The current lease addresses provisions relating to water and electricity. She says the electricity has been converted to a prepaid system and she wants to do the same in respect of water.
See the reader’s question here.
She adds that other environmental factors may influence provisions in the agreement of lease and this is her reason for wishing to create a new one which incorporates the changes.
The reader should begin by examining the provisions of the agreement.
In this way she can determine whether the changes she is effecting to the rental property are permitted.
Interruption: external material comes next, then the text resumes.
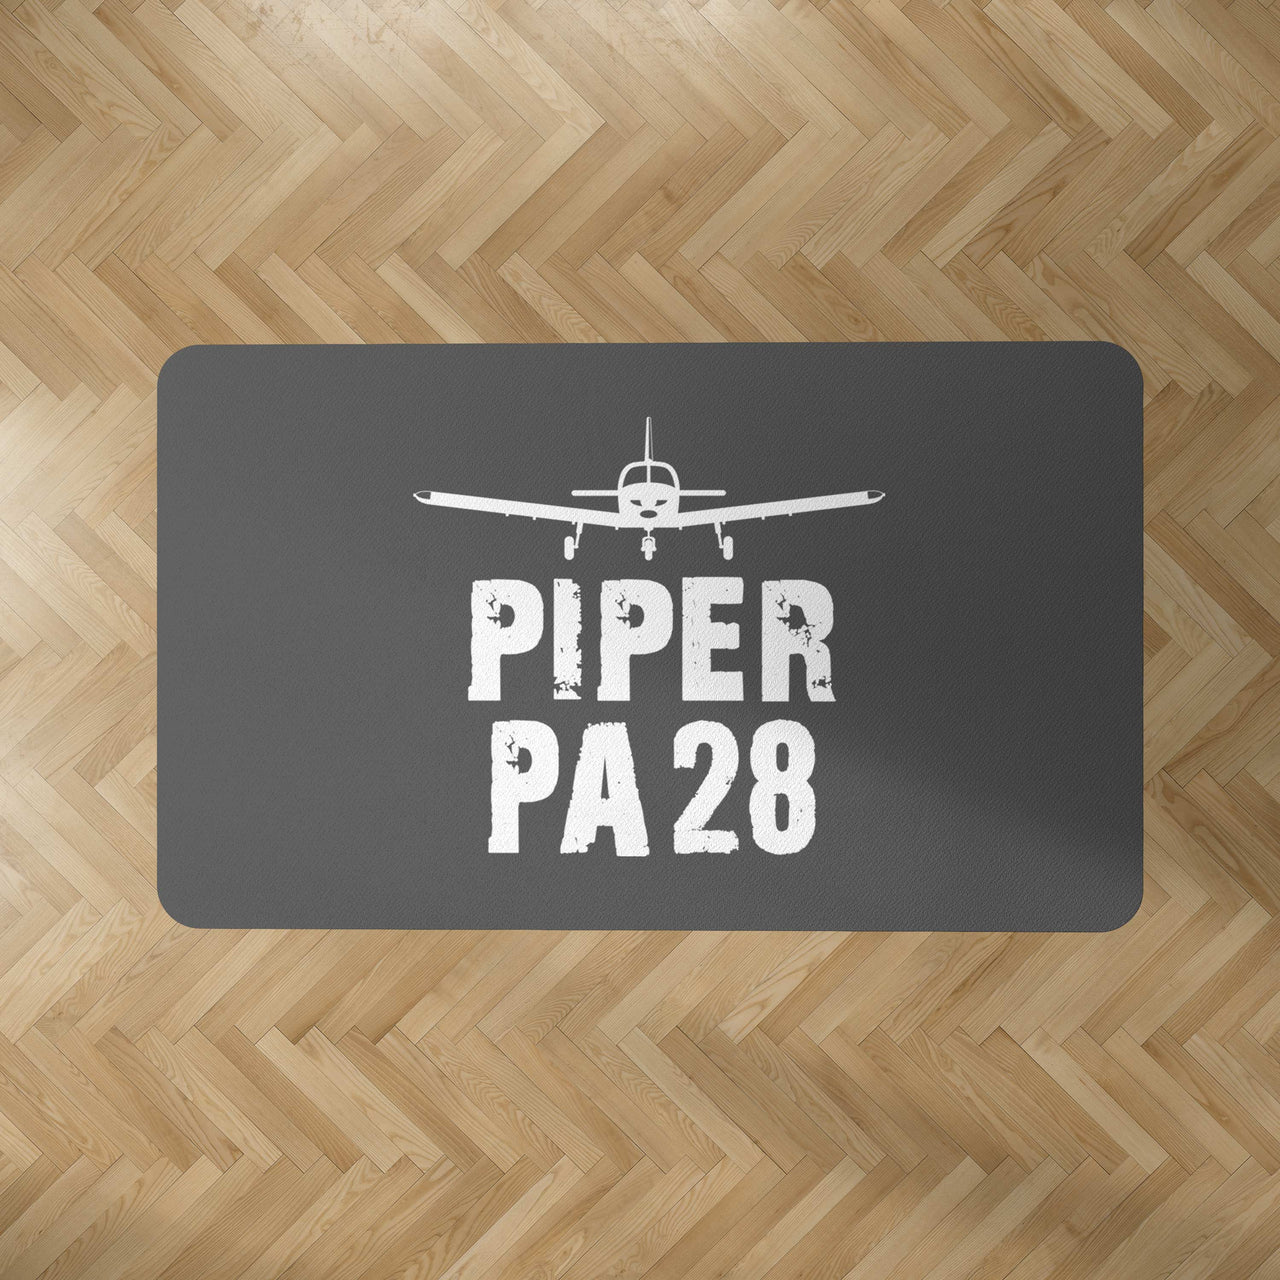 Piper PA28 & Plane Designed Carpet & Floor Mats

It could be that the lease already permits such physical alterations.
For example, the parties may have envisaged certain changes prior to concluding the lease and accordingly made provision for such alterations at that time.
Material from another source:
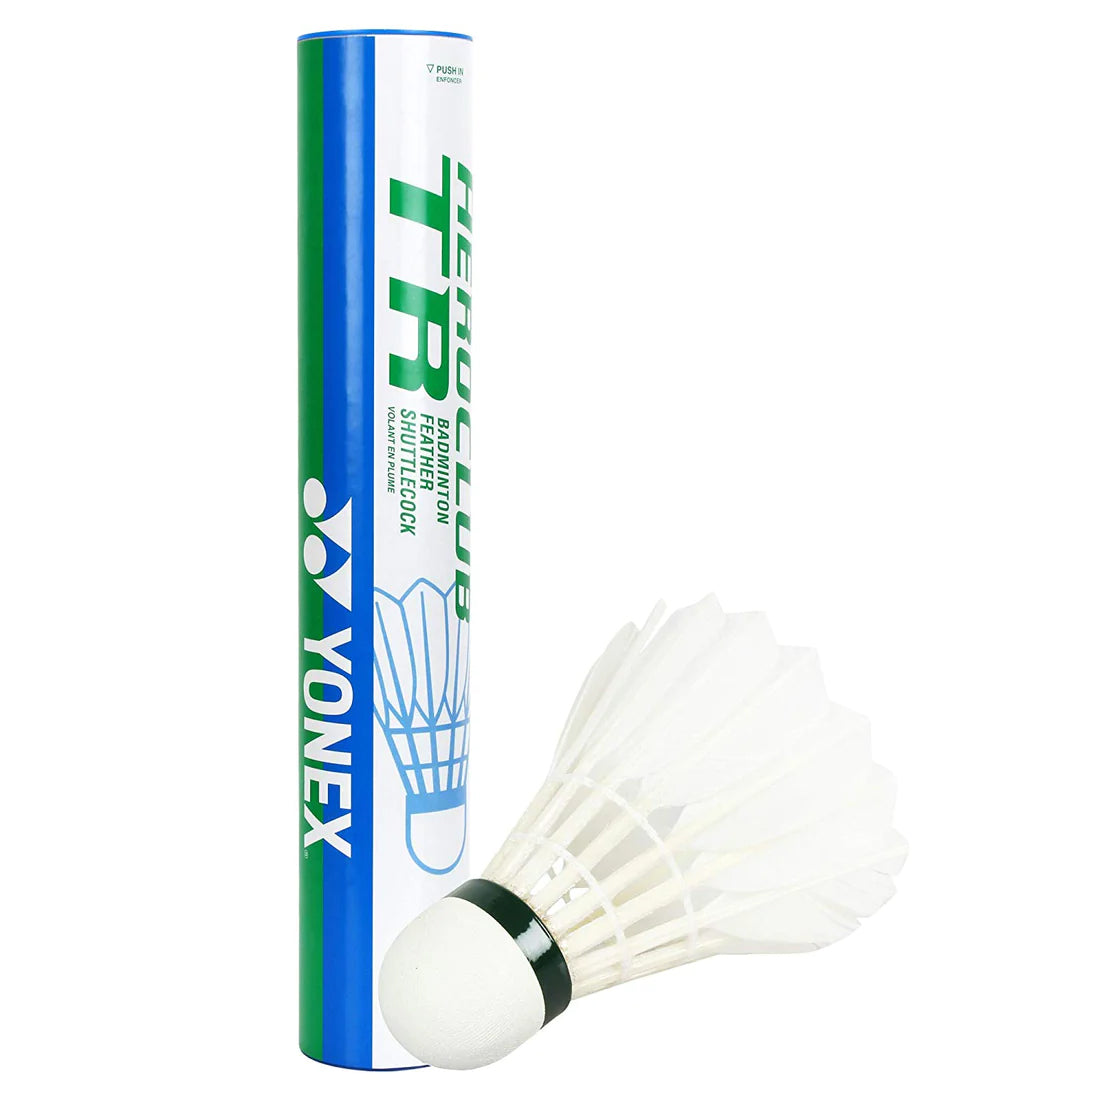 Yonex Aeroclub TR Badminton Feather Shuttlecock, 2 Cans - Best Price online Prokicksports.com

The agreement may permit the changes with the consent of the landlord, which is typically required to be given in writing before the tenant effects any of the intended changes.
In these instances it would be unnecessary for any amendments to be made to the agreement itself as it would cater for the required changes.
On the other hand, if the lease does not say anything about allowing alterations it is not necessary for it to be cancelled merely to amend its terms.
It may indeed be subject to a specific period and may still be effective for a number of months or years.
Our reader’s possible attempt to cancel the lease could be regarded as a breach by the landlord, regardless of her intentions.
Depending on the lease conditions it could be as simple as the reader getting written consent from the landlord for the alterations or obtaining approval for any intended alterations.
In the event of both parties agreeing to the alterations, the consent would be via an addendum to the agreement.
This would set out any historical alterations to the rented property and any envisaged alterations, as well as record the landlord’s consent.
Importantly, the reader should also ensure that the ownership of any alterations is addressed.
This is usually only required where any improvements are able to be removed upon termination of the lease.
Alternatively the agreement should state whether our reader should be compensated for the improvements upon termination of the lease.
Addressing any such practicalities would potentially prevent a dispute between the landlord and the reader upon the termination of the lease and vacation of the rented property.
It is often the case that a tenant expects to be reimbursed or compensated to some extent for any improvements made during the currency of the rental.
Clearly, reimbursement or compensation is not always a consideration the landlord is prepared to take into account upon termination.
This is especially the case when improvements are only of value to that tenant and do not substantially and positively influence the rented property.